The ability to abstract and breakdown complex systems with Conceptual Thinking and Critical Thinking are key aspects for working with data in any capacity. Candidates must be able to think through complex chains of cause and effect relationships, design experiments to fill in gaps in knowledge, and draw probabilistic inferences and conclusions. This is true for any role, though it takes slightly different shapes for each. For example with data engineers, the specific ability to think through architecture tradeoffs and implications is vital.
Describe the last technical project you worked on outside of your job responsibilities (as a passion or hobby).

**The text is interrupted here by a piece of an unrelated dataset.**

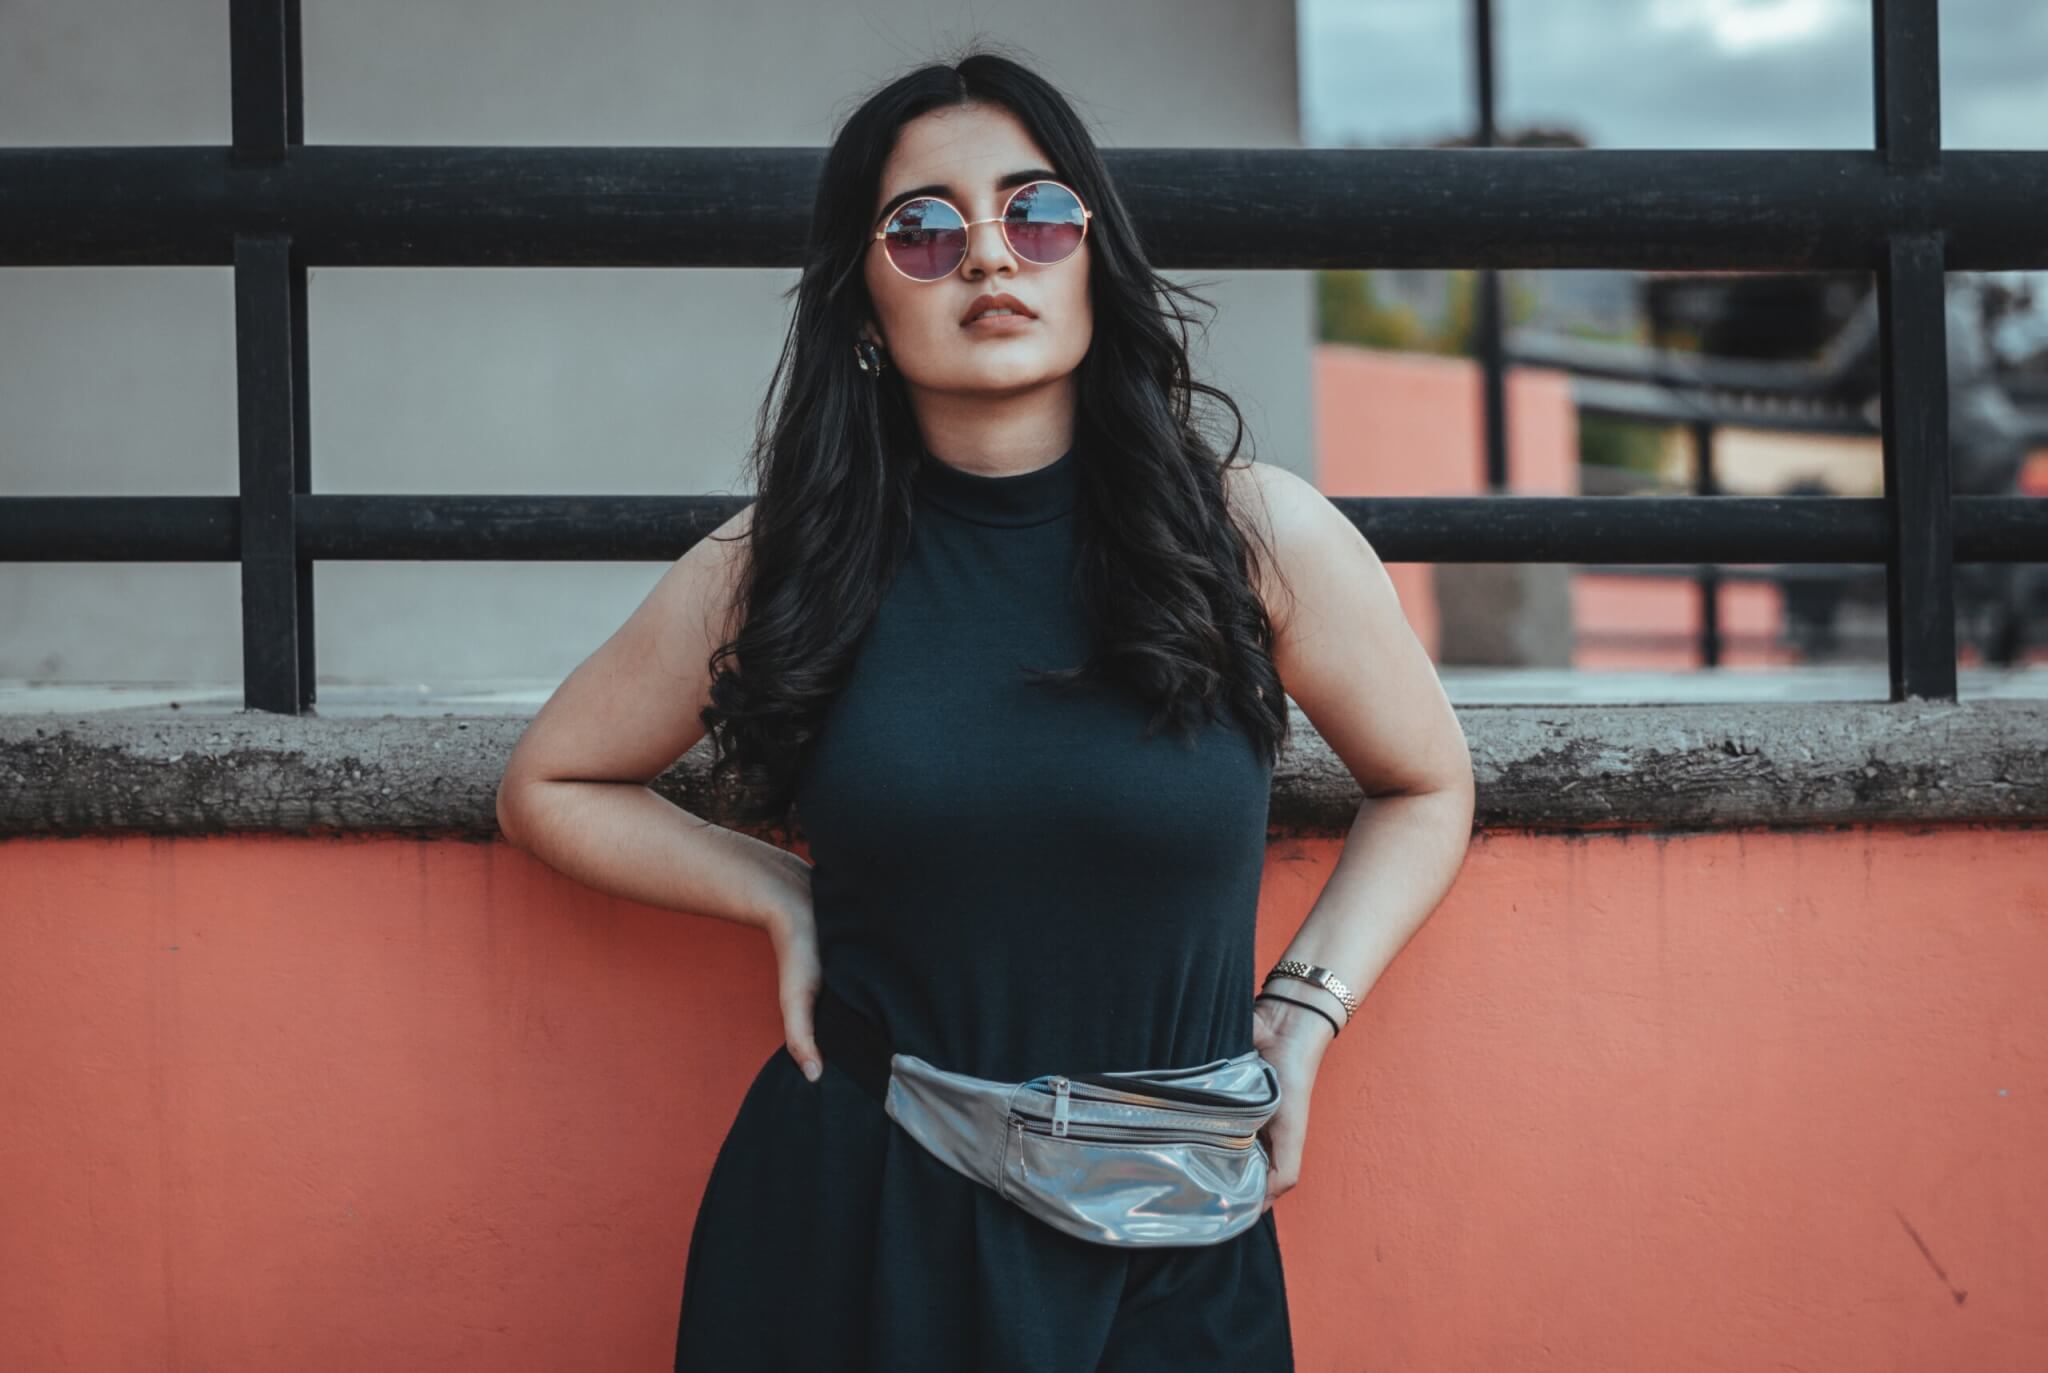 These Fanny Packs Are Sure To Make You Look Hipster Chic With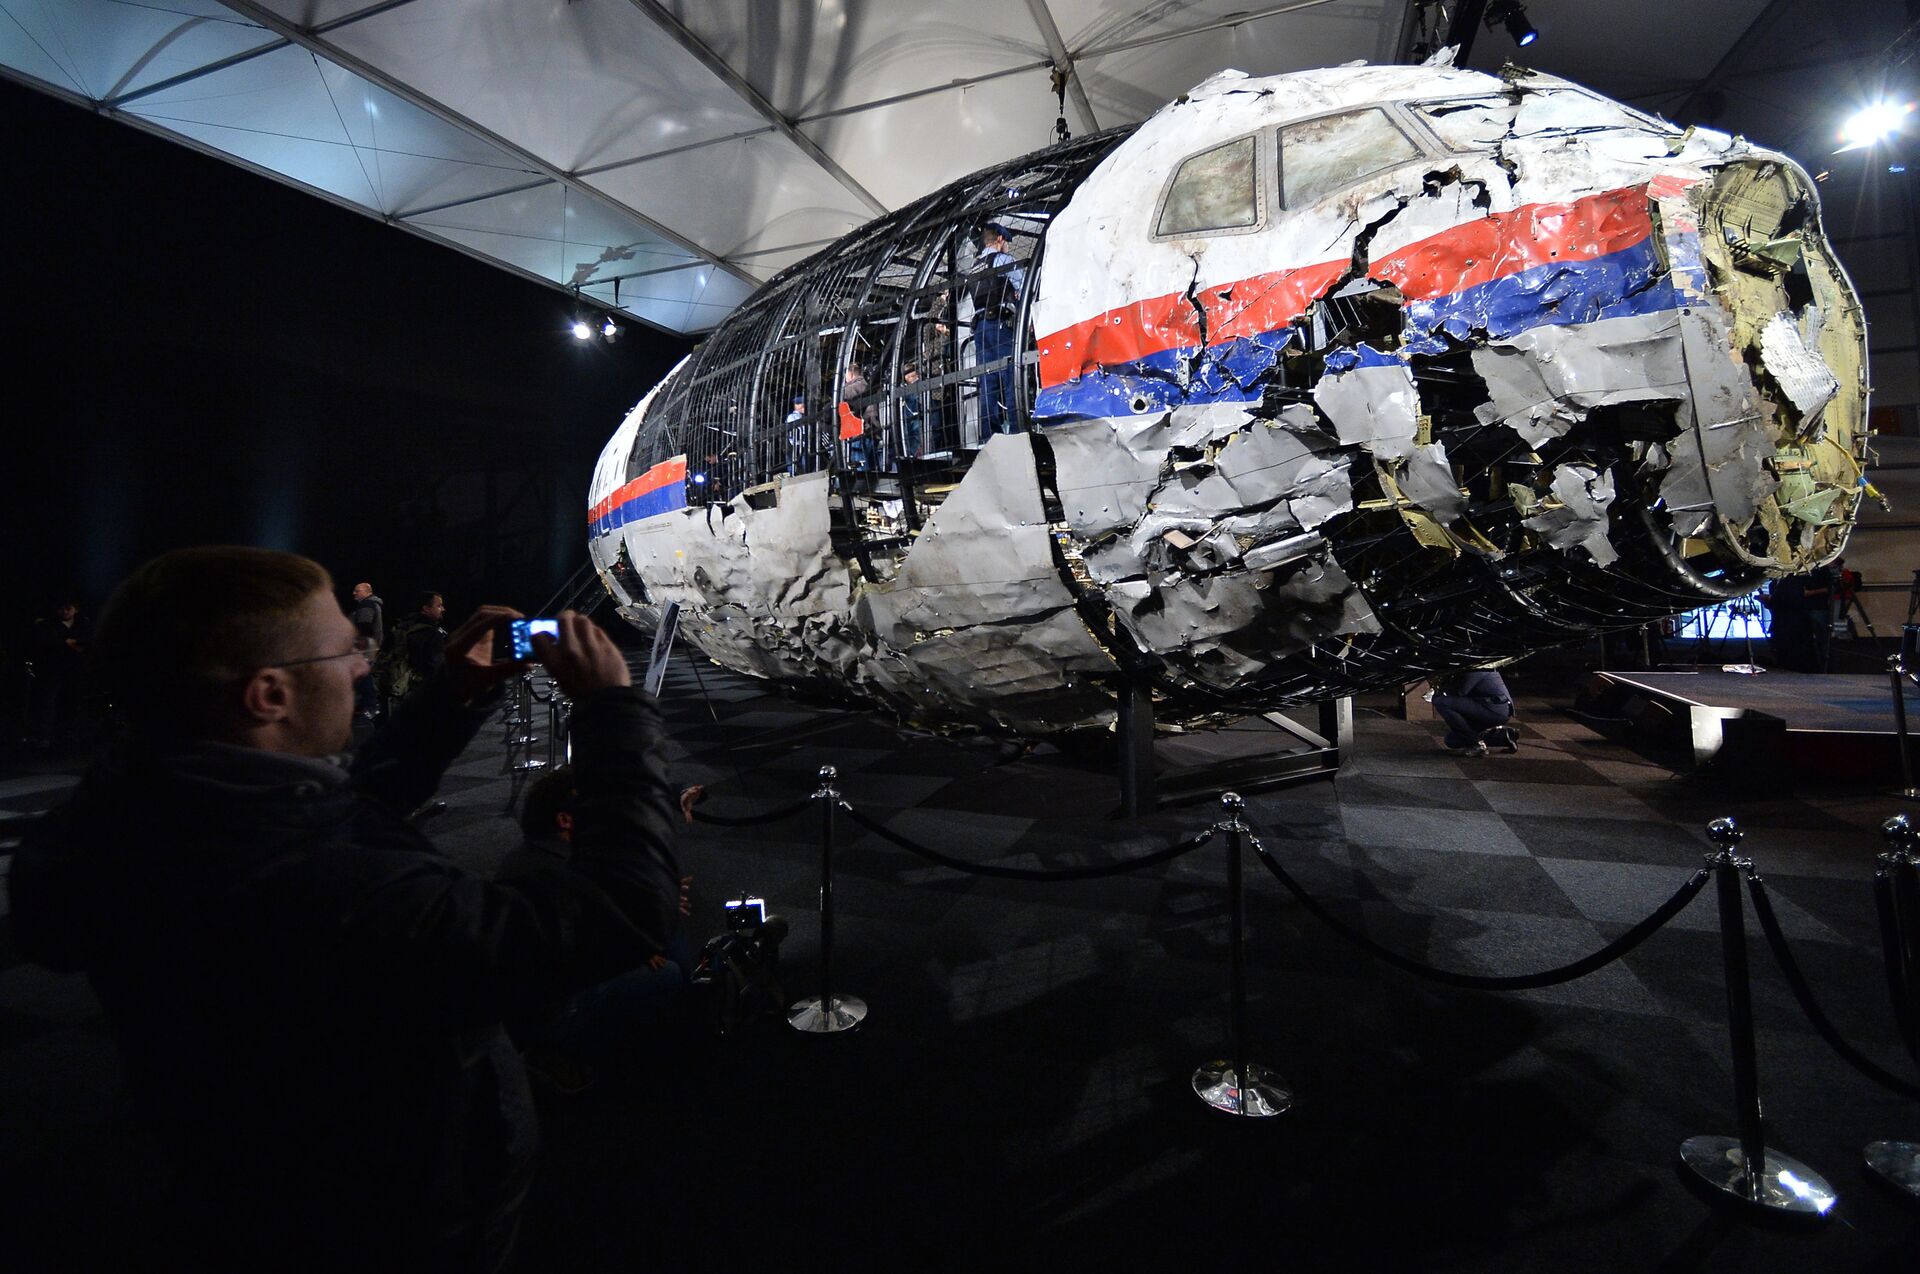 Dutch Safety Board releases report on Malaysia Airlines Flight MH17 crash - Sputnik International, 1920, 02.11.2021

Curiosity is arguably the single most important characteristic to hire for when it comes to data. If you don’t hire for curiosity, your data teams are likely to spend time on surface level tasks, such as simple data pull requests. They may never ask the questions necessary to get to root causes, and expose the non-obvious insights that drive real value. Curiosity is key to teams that ask the right questions: “how is this data valuable to you? And curious technical people are almost always working on some technical project in their own time, as a way to learn how something works (an industry, a tool, a technology, etc.)
Tell me about a time when you had to adjust to a colleague’s working style in order to complete a project or achieve your objectives.
Like Communication, Mental Agility and Empathy are also indispensable traits for data professionals. Anything can be viewed through a data lens… but not everyone naturally does so. But beyond just communicating with other points-of-view, data professionals must be able to simultaneously see and work with different points-of-view themselves. They must be able to not personally attach their egos to any one answer, and instead be empirical, skeptical, and follow the data. The best candidates hold beliefs as hypotheses and care more about ‘finding what is true’ than ‘being right’. Adapting to other people’s views or ways of working is a powerful example of mental agility.
How would you design the backend for Airbnb?
Perfection is the enemy of progress, nowhere is that more true than in data science. In fact, as I like to tell our clients, if your machine learning model is ‘perfect’, it’s a sure sign you’ve done something seriously wrong! Practical Thinking is a must for every role, because there are always tradeoffs to make between performance and precision. This is a great question because you can let candidates answer to the area they are familiar with: a data engineer will speak more to architecture while a data scientist will speak more to model structure and organization. Plus you can follow up by asking what they would build first. In each case, look for practical tradeoffs that prioritize getting something workable into production.
About the Author

Matt O’Connor is a data science and strategy coach, and the creator of the human+ai framework. He has led algorithmic investment for the world’s largest hedge fund, Bridgewater Associates, raised VC funding at 7-figure valuations, and coached some of the world’s largest companies on data and AI strategy and implementation.